Differences in Radiomics by Lobe.
We did not have lobe segmentations on the sarcoidosis population. However, using our standard lobe template, we were able to perform regional lobe analyses without individual lobe masks. To do this, we transformed the standard lobe template into the study-specific space using SyN registration, creating a study-specific lobe template. Next, using the warped CT scans in the common study-specific space, we calculated the same eight radiomic features as above on the five different lobes (top left, bottom left, top right, middle right, and bottom right) using the study-specific lobe template as our mask for each scan. To evaluate whether the group effect (sarcoidosis v. control) on radiomic features changes across the lung lobes, we fit linear mixed-effects models with a random intercept for subject, adjusted for sex, age, race, height, BMI, and lung volume.

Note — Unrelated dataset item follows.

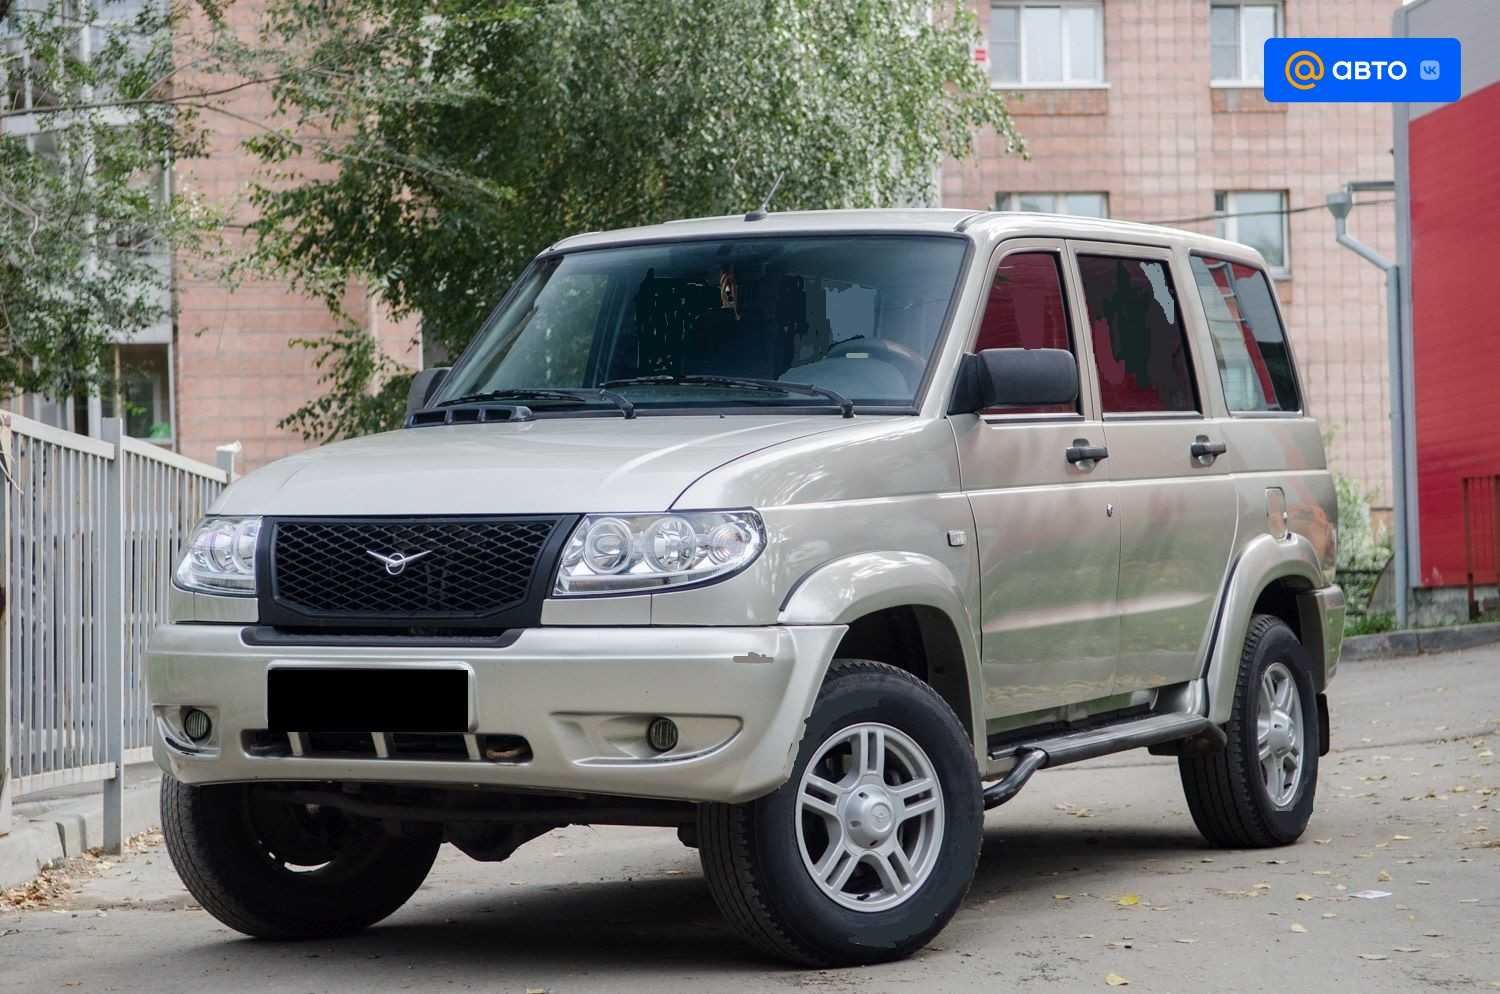 Отзывы реальных владельцев УАЗ Pickup, описание достоинств и недостатков

All results were considered significant at p<0.05. Data used in this study was approved by the local institutional review boards.
Results
All figures of the lung are in “radiological” convention, where the left side of the image is the right lung.
Patient Characteristics
In total, 62 patients were used for the template creation, including 50% female (N=31), 5% non-white (N=3), and 100% non-Hispanic. Additionally, patients had an average age of 62.3 (SD = 9.0) years, body mass index (BMI) of 28.5 (SD = 4.5), percent-predicted Forced Expiratory Volume in 1 second of 104.3 (SD = 14.3) and percent-predicted forced vital capacity of 99.6 (SD = 11.9). The primary patient whose lung segmentation was used as the final initial template (Patient A), was a white, non-Hispanic, female with 56 years and a BMI of 30.6.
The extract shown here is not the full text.